• DATA SECTION:
####
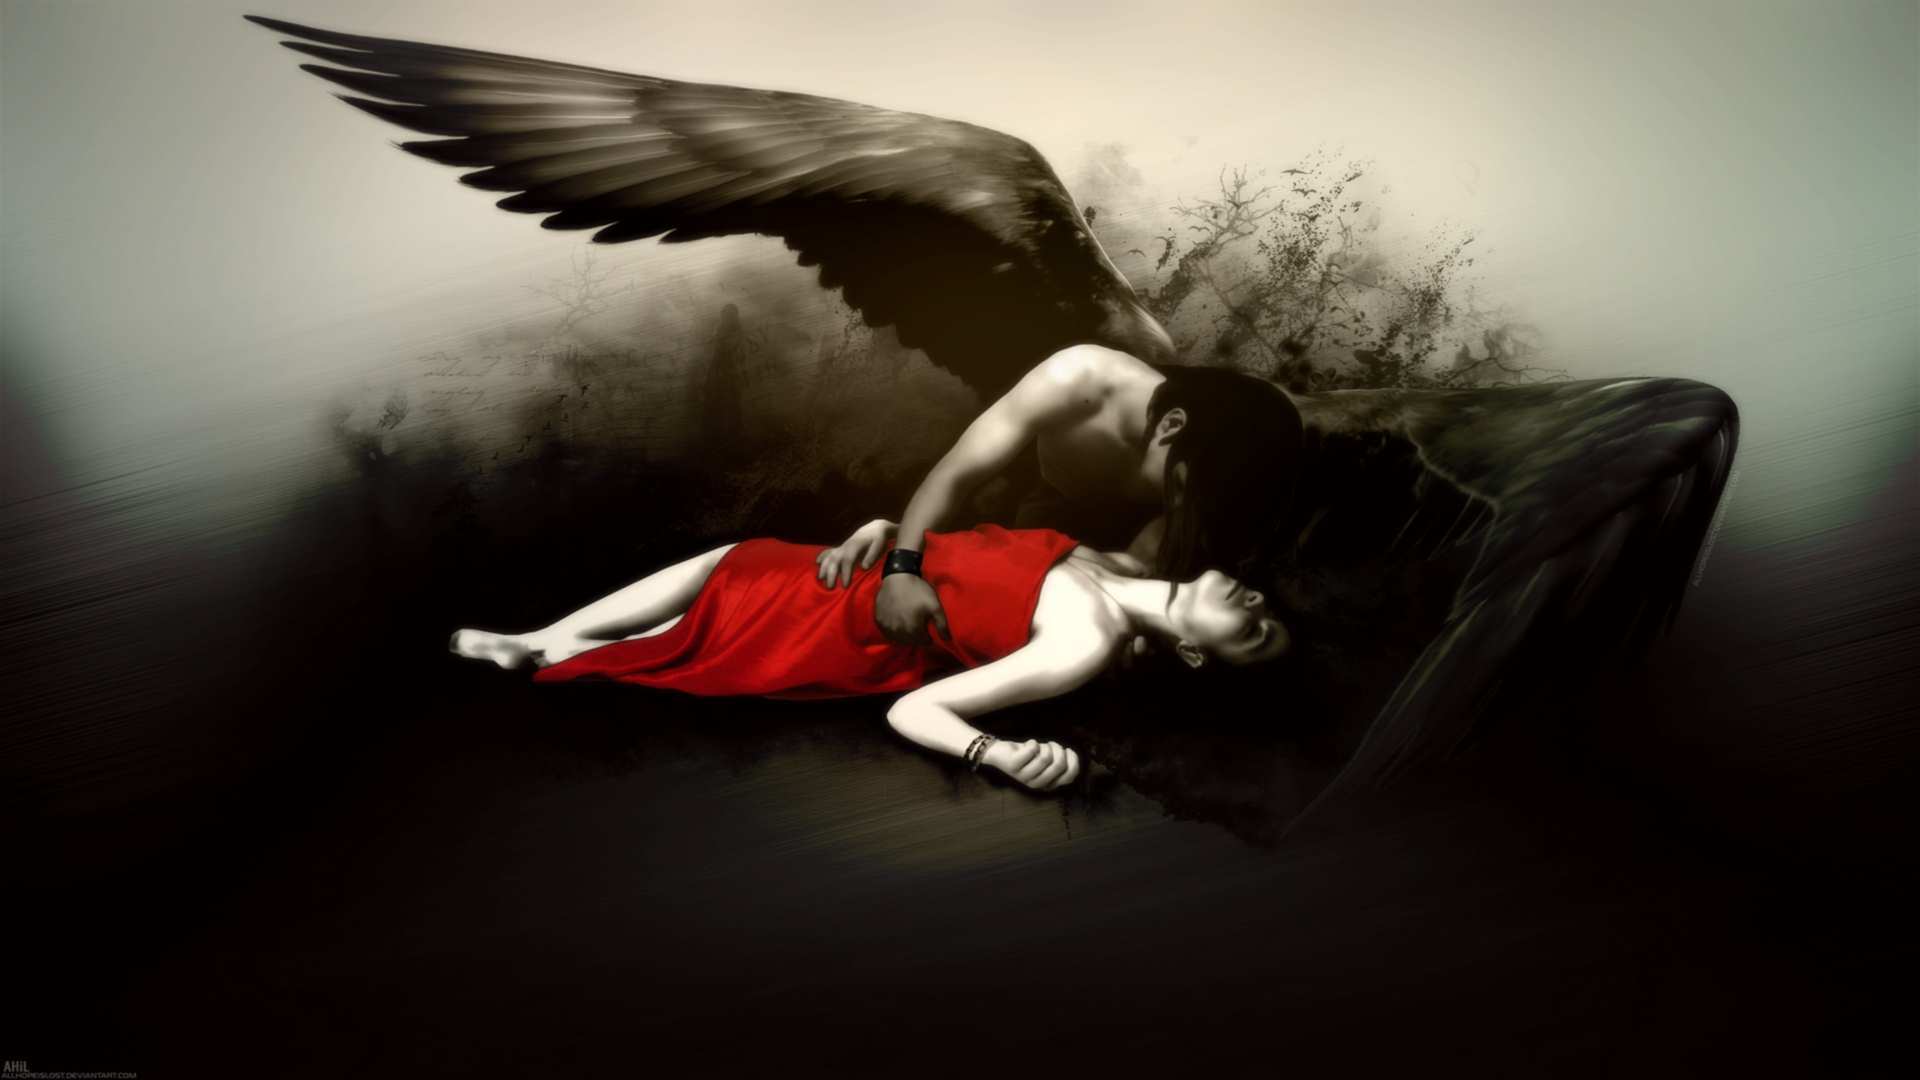 fantasy fallen angel gothic dark wings mood emotion sad sorrow death 1920x1080
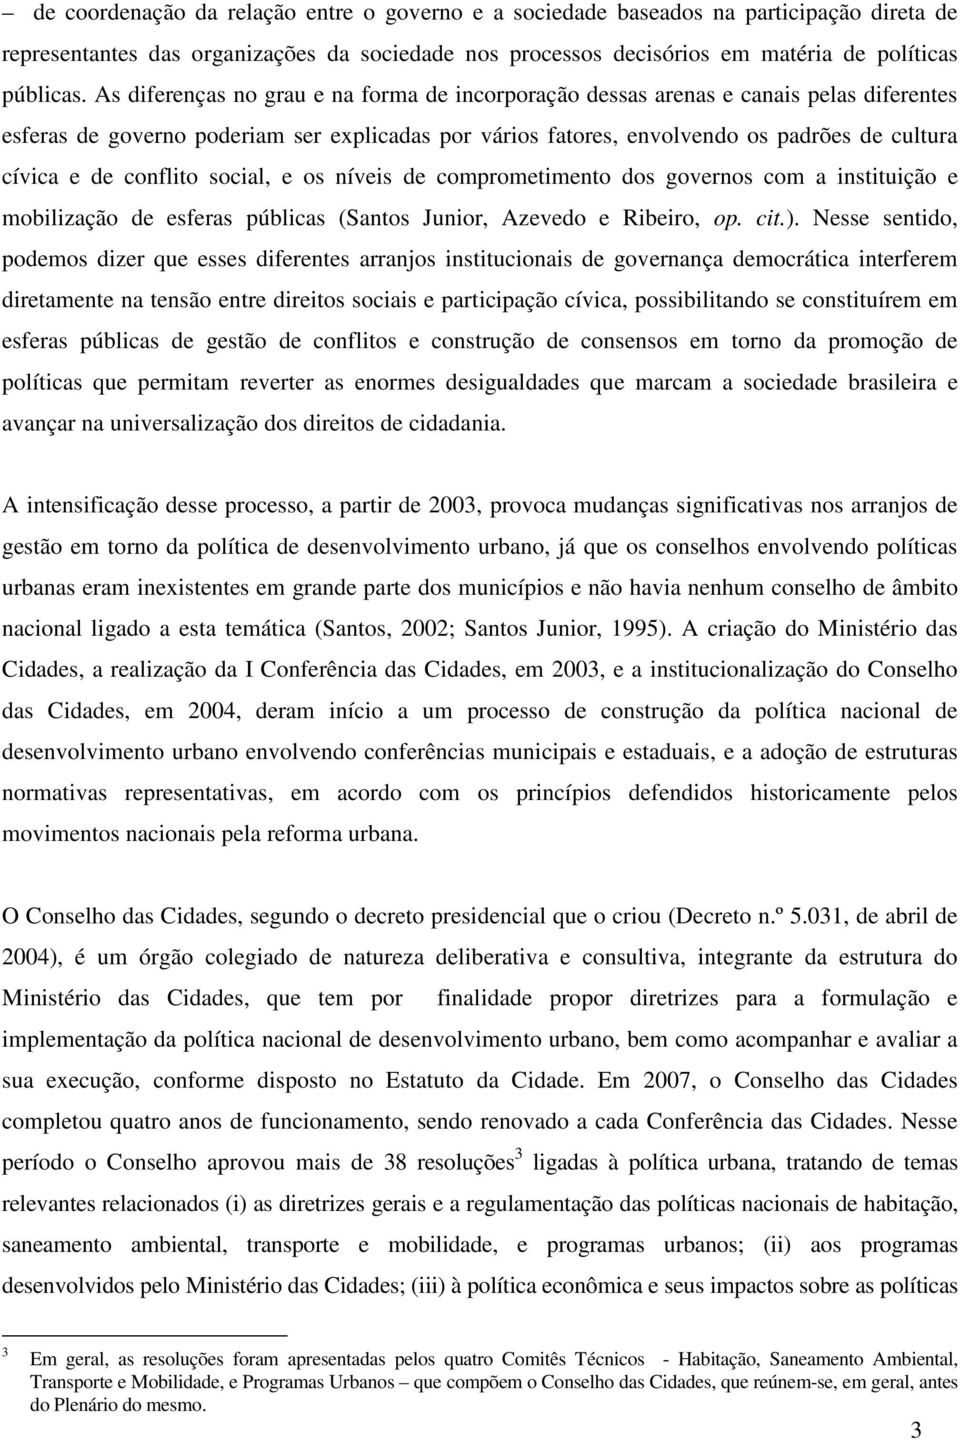 conflito social, e os níveis de comprometimento dos governos com a instituição e mobilização de esferas públicas (Santos Junior, Azevedo e Ribeiro, op. cit.).
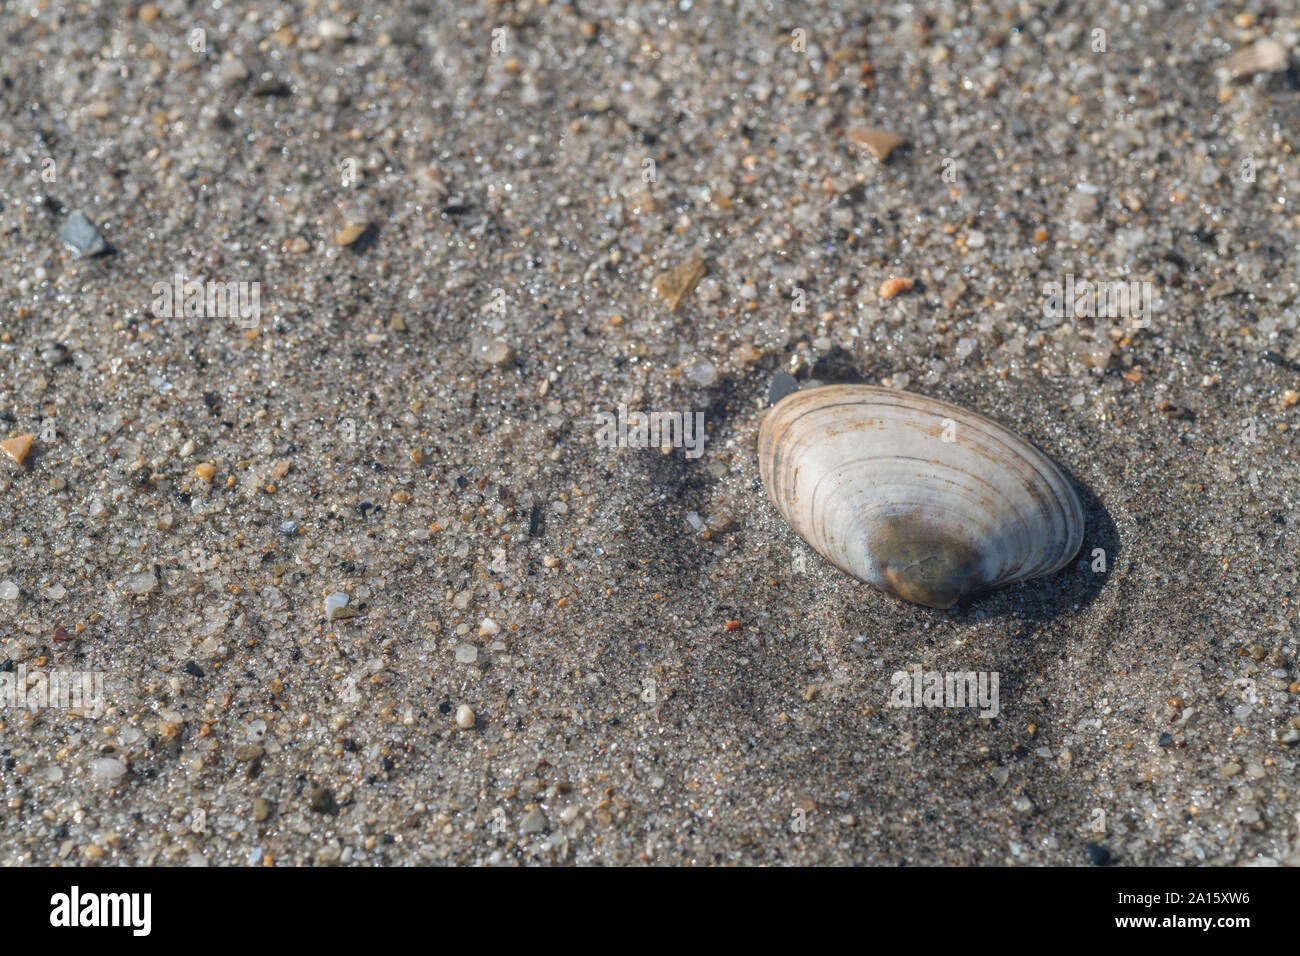 Isolierte Meeresbucht, die am Sandstrand in Cornwall angeschwemmt wird. Isolierte Muschel, ganz allein, auf einsam, konchologisch. Möglicherweise Lutraria lutraria Otter Shell Stockfoto
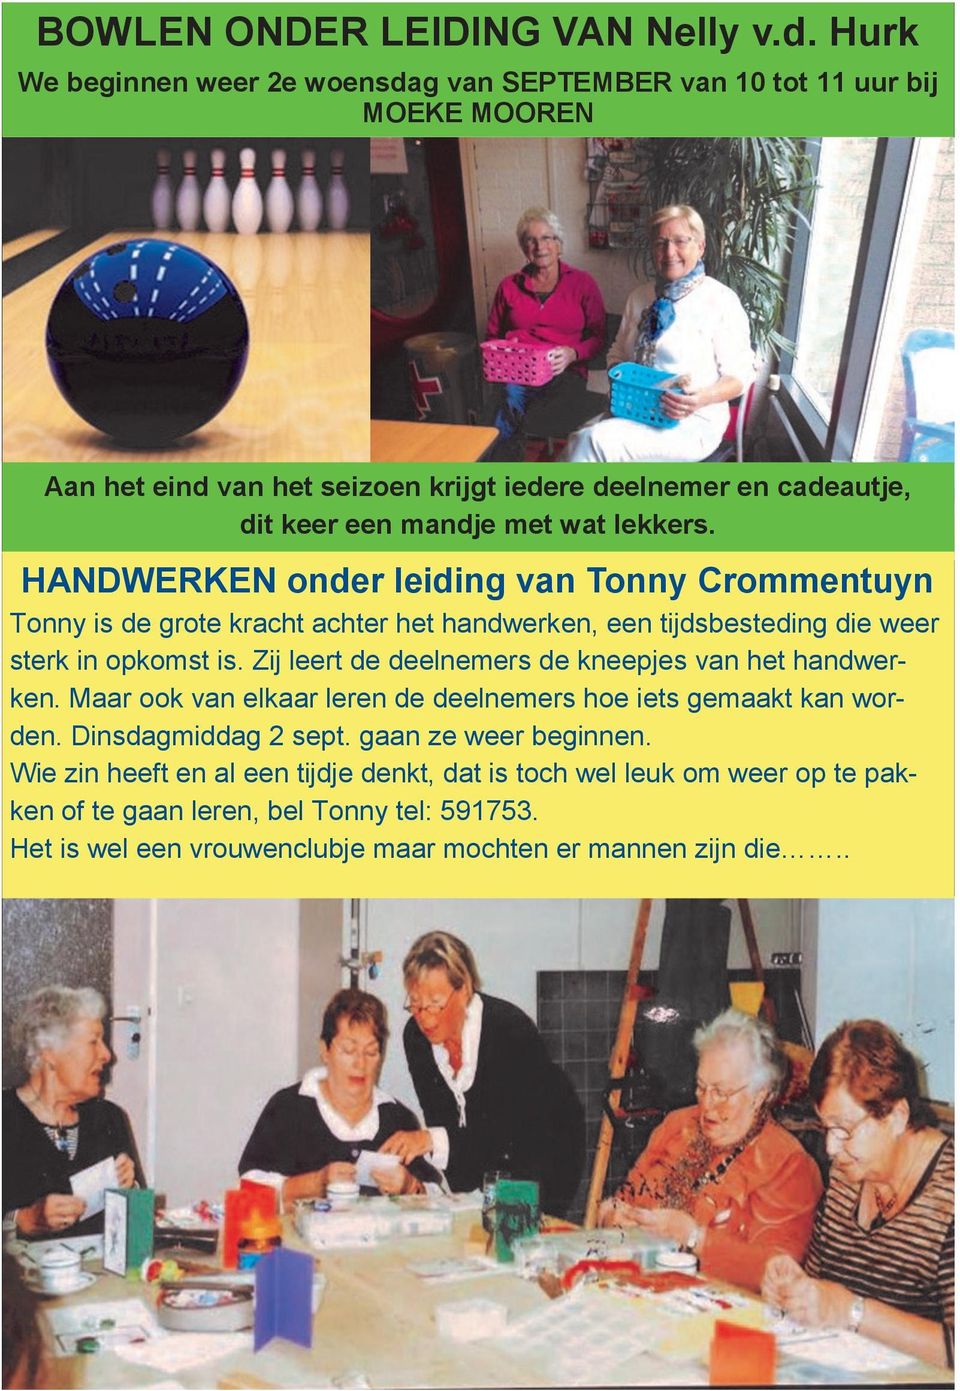 lekkers. HANDWERKEN onder leiding van Tonny Crommentuyn Tonny is de grote kracht achter het handwerken, een tijdsbesteding die weer sterk in opkomst is.
####
• TASK DIRECTIONS:
Transcribe all lines above exactly, skipping pictures.

• COMPLETED TASK:
 fantasy fallen angel gothic dark wings mood emotion sad sorrow death 1920x1080
 conflito social, e os níveis de comprometimento dos governos com a instituição e mobilização de esferas públicas (Santos Junior, Azevedo e Ribeiro, op. cit.).
 Isolierte Meeresbucht, die am Sandstrand in Cornwall angeschwemmt wird. Isolierte Muschel, ganz allein, auf einsam, konchologisch. Möglicherweise Lutraria lutraria Otter Shell Stockfoto
 lekkers. HANDWERKEN onder leiding van Tonny Crommentuyn Tonny is de grote kracht achter het handwerken, een tijdsbesteding die weer sterk in opkomst is.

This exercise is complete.